Here are some examples of problems and possible solutions. Note: People don’t often like the solutions (that’s why they haven’t dealt with the issue thus far), but this is where you get to decide what is more important… live with the problem, or change it once and for all.
“I don’t have time to get to the gym. My scheduled is packed solid.” – Can you go at lunch? Can you work out at home? (Yes, there are short online video workouts that don’t require equipment…). Can you get your butt out of bed early and go before kids are up?
“Our finances are a mess. We can’t save a penny.” – Print out your bank statement for the last 2 months. Grab a highlighter. Highlight every discretionary dime you spent (eating out, clothes/shoes, gym membership, recreational activities, your cable bill, the absurd amount you spent on your kid’s birthday party, gifts for others, etc. Now have an honest conversation with yourself (or spouse). The reality is you can change ANY of those. No one is forcing you to spend $300 on your 2-year old’s birthday party. No one died from going without Cable. You won’t fall out of love with your spouse if you nix the $50 movie dates and cuddle up on the couch & rent Netflix instead. Go without cable or your gym membership for awhile (you can work out at home, remember?) Pack your lunch.
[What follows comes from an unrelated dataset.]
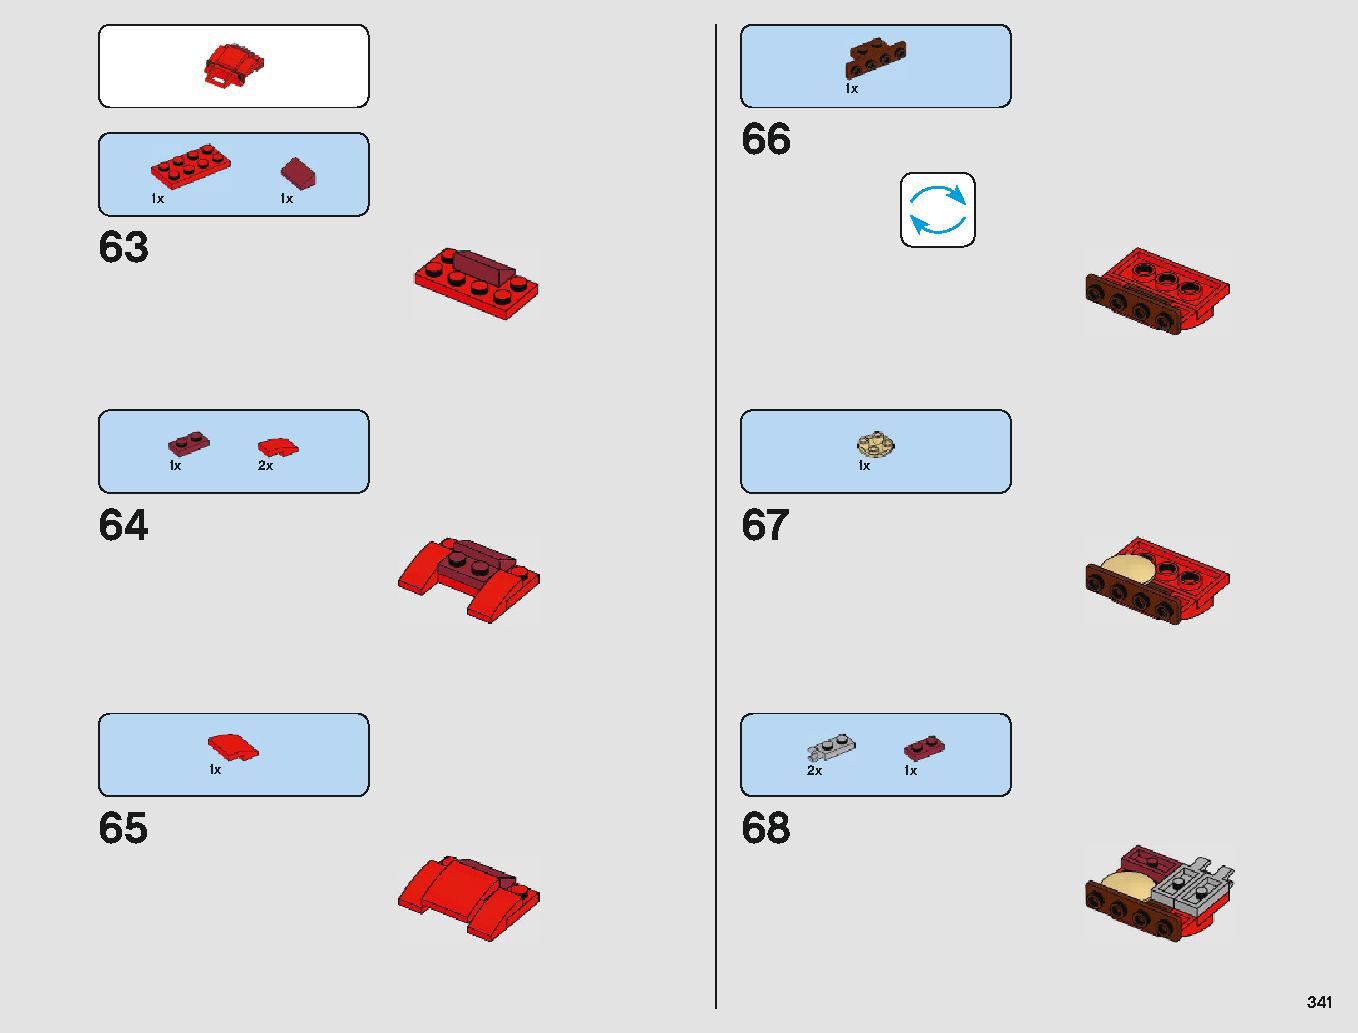 クラウド・シティ 75222 レゴの商品情報 レゴの説明書・組立方法 341 page

Create free & frugal date nights. Dig yourself out of the hole. It’ll make you appreciate the discretionary spending that much more once you’re out of debt and have breathing room again. More on budgeting and cutting debt? Check out the Dollars & Sense section of my website.
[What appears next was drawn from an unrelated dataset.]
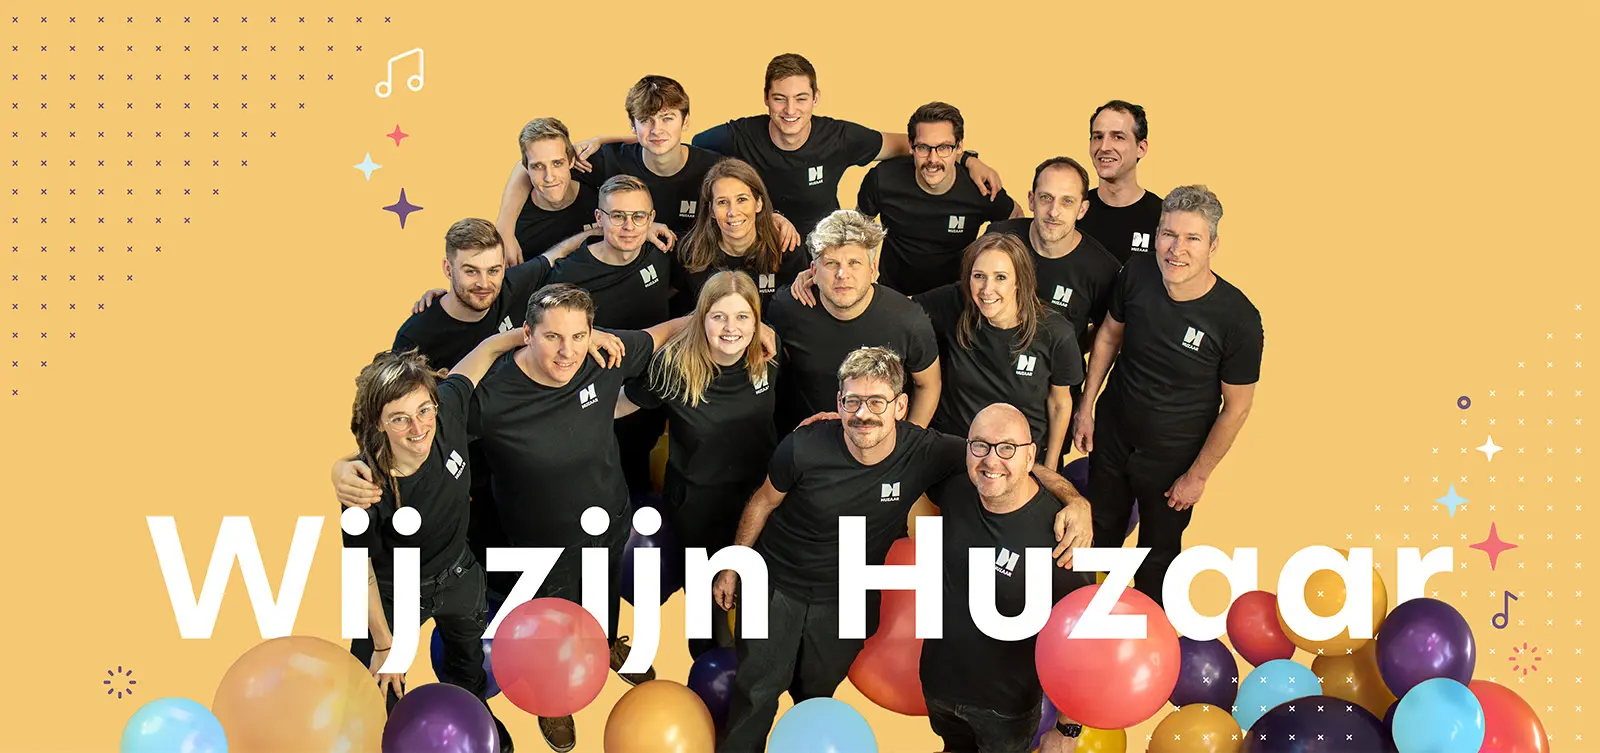 Wij zijn Huzaar - een foto van het Huzaar team

4) Make the time. Time blocking is about to become your best friend.
Carve out the time you need in order to find your breathing room: to read, to make your kids lunches the night before, to get your workout in, to spend 20 uninterrupted minutes with your kids at night, to work on whatever is gnawing at you. Baby steps, my friend. Baby steps go a lot farther than no steps at all.
I like to time block on Sunday before the start of the week with my planner. My planner breaks out my day by the hour. Plan & implement with grace though. You need to remember that life happens, surprises pop up, and things get rescheduled. Don’t let that frustrate you. Once you’re time blocked, you know what you need to do and what amount of time it’ll take. Adjust. We’re women, that’s what we do.
This is the year for you. It doesn’t need to be January 1st to make a change. Any day is as good as the next. If you’re not ready to make the change, then don’t hate on yourself for still being stuck weeks or months from now. We all have our own journey and our own breaking point. Until you reach your breaking point – or have a shift in mindset – you won’t begin to carve out the path to where you want to go.